Okay well that’s all the pics I have now we wait for the rest but in the mean time here’s some crap I ran out of time to blog yesterday. I would phone it in if I could I really would haha.
This belonged to Britt.
Heard you haven’t been working out as much lately. We should do something about that.
Where is my goddamn lighter bro! I can’t find it!
If you can’t be smart you can be adorkable. Speaking of, the other day I said facetiously on twitter, Blogging: no skills necessary. When clearly there are loads of skills necessary. True I am a shitty lazy blogger but still I am a GREAT blogger so that’s all I meant sorry for the epic confusion. Sometimes my humour goes over people’s heads and they think I’m being broad when I’m not. I’m talking about myself guys what you do on your own blogs is all you. Except from the parts that are ripped off from me lol.
Yeah guy. Zzzz. Feels like Friday so much. Back to work!
You can totally see through this thing. Righteous.
I liked how big my nose looks in some of these. I know I am dealing with children when someone makes fun of the size of my nose. How gauche.
Do you like my cruisewear? Cruise or be cruised. Which, also ain’t that bad.
I am glad I wore an eating tent to eat in. I didn’t compare myself to the hot young chicks all around me too much because I am a special and unique creature possessing ageless beauty and remarkable adorablah qualities that cannot be replaced, you know, in layman’s terms: that quirky manipulative bullshit that is irresistible, heartbreaking. What do I always say Little Raymis? OWN THY SHIT.

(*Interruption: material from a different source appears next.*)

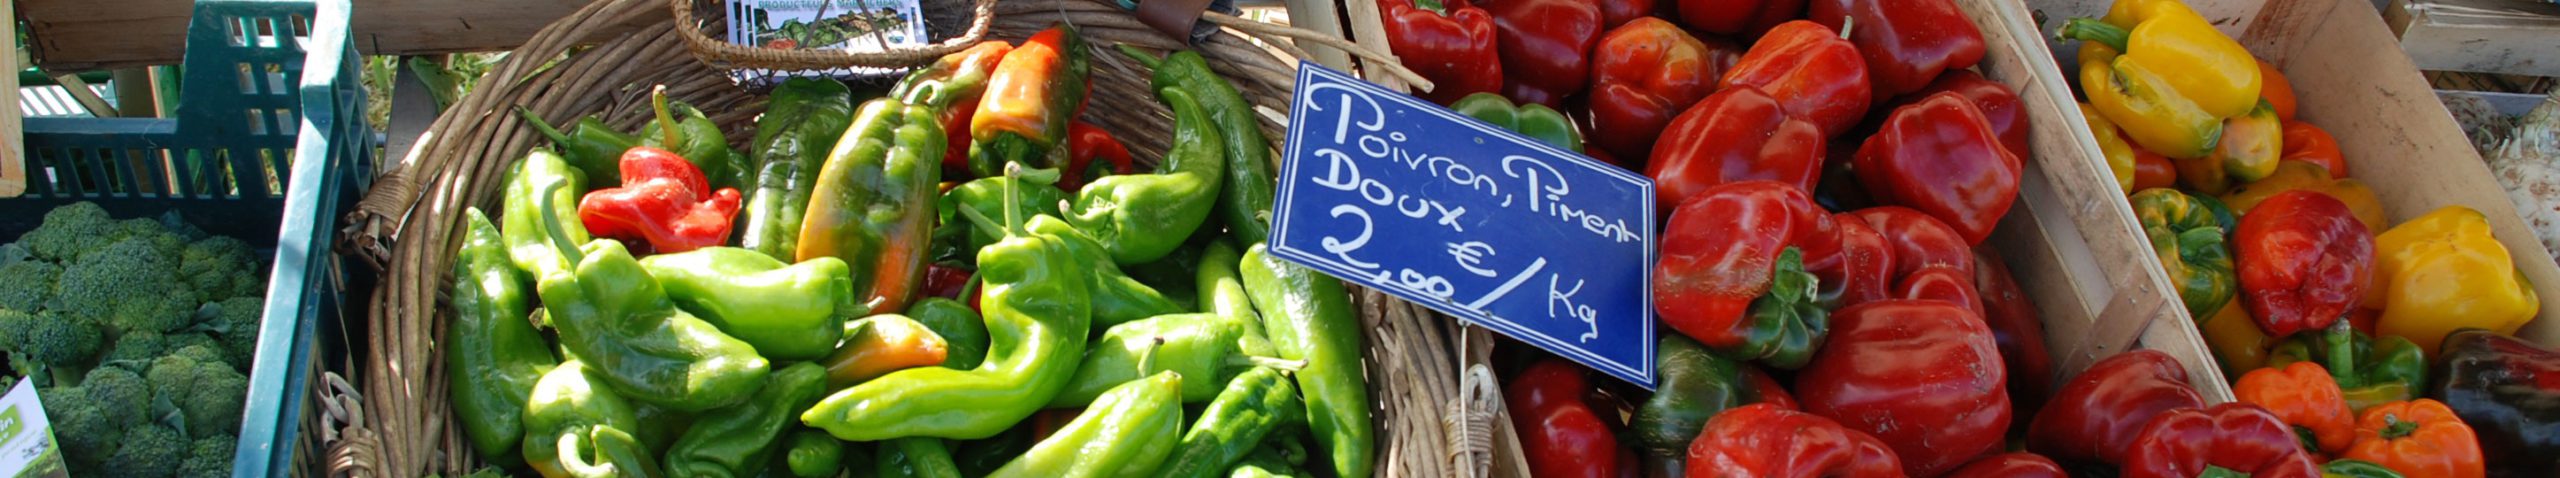 Développement économique dans le Marais poitevin - Étal de légumes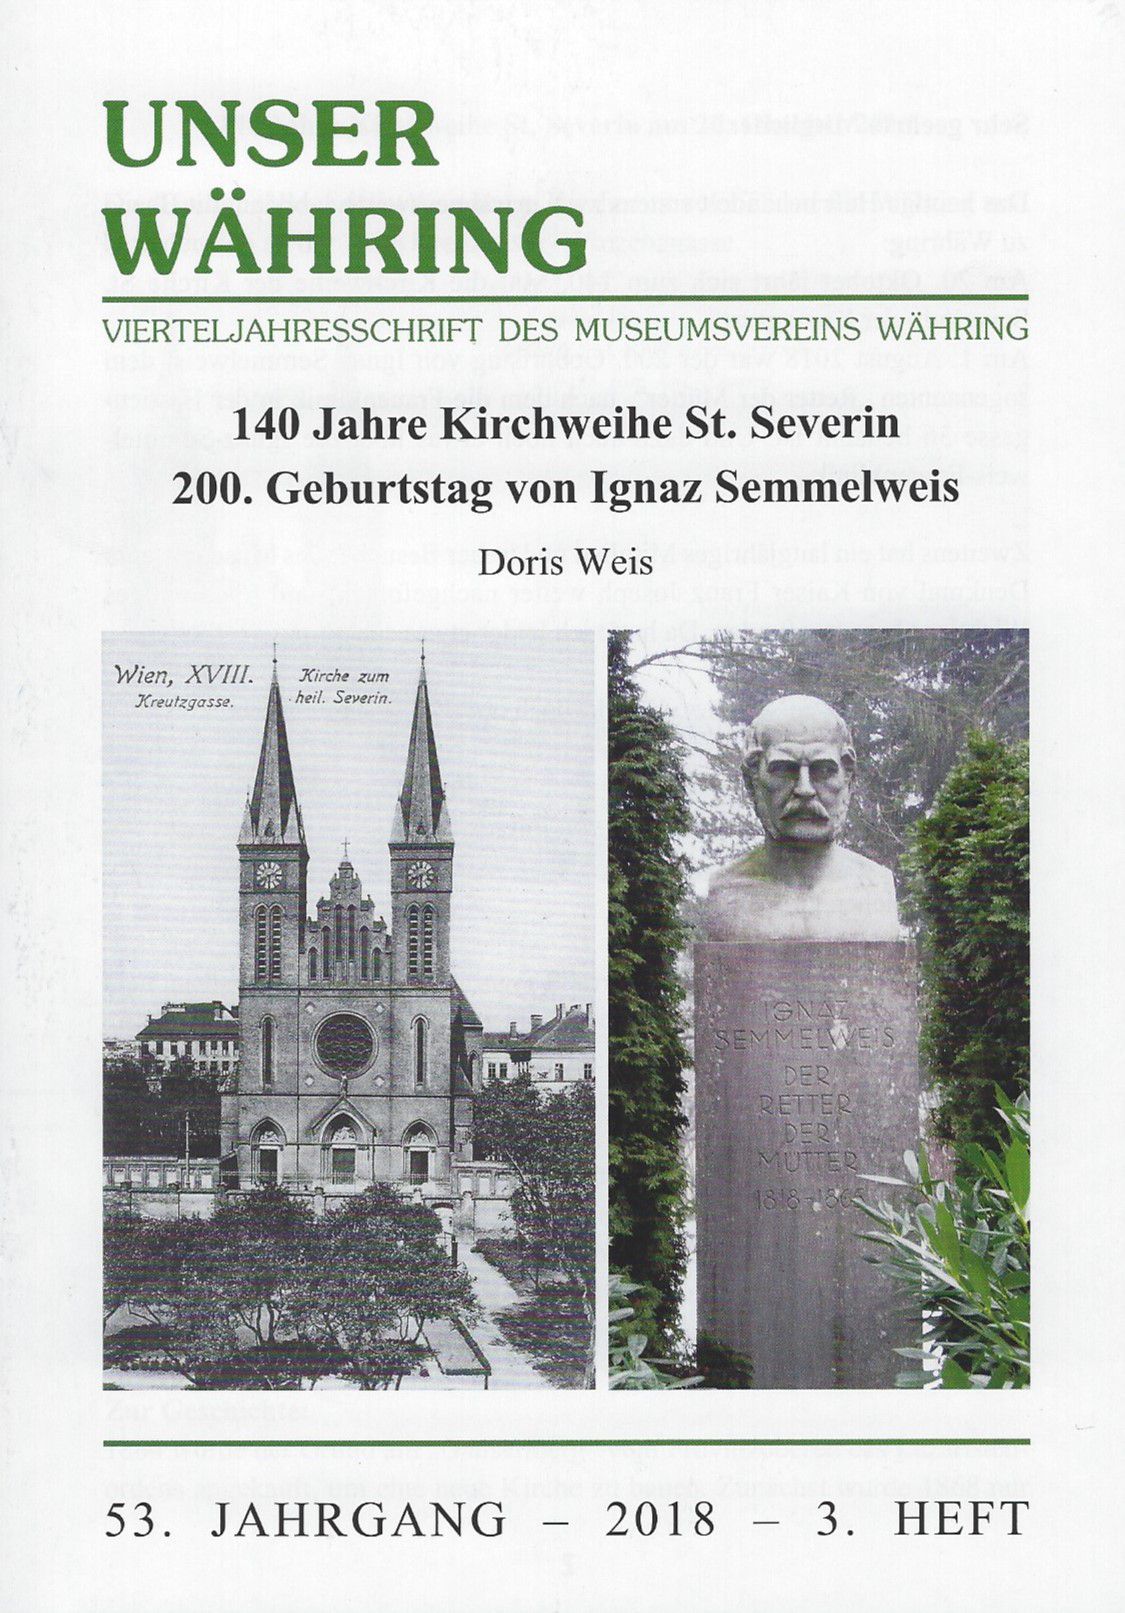 Publikation: 140 Jahre Kirchweihe St. Severin, 200.Geburtstag von Ignaz Semmelweis. Bezirksmuseum Währing

It’s time to be put through Raymi confidence building finishing school. Can you imagine me mentoring shy girls? Well, I can and I have and I do and I will again. THAT is something tv-worthy don’t you think? Something Owen Wilson-esque for sure ahaha.
The password is pink tarantula
Shhh it’s Me Time. Which is one of my jokes at the table when we’re all gettin’ pished, if I zone out or lose my attention span/go mute I’ll say, sorry that was me time and wave my hand over my face like a magician.
My tuna salad it was aiight. I’m going to dump some real flavour on it (something spicy) before I head out tha’ door. All that flame-warring made me lose blog time window urggh plus typing on this shit is like quicksand and I make a lot of typos which are unacceptable! I also lost time planning trip to Aruba with Lois and Bech!
Iphonereversies bring out the split-ends in my hair more cos the pic quality goes low.
Oh god. Lets just say I grazed over here quite a bit. The truffle mayo dip will kill you with deliciousness.
I didn’t do my mascara raccoon smear beneath eyes cos I didn’t want to wake up like Alice Cooper (as much) today.
I see nipple! When is the last nipple date sighting on RTM?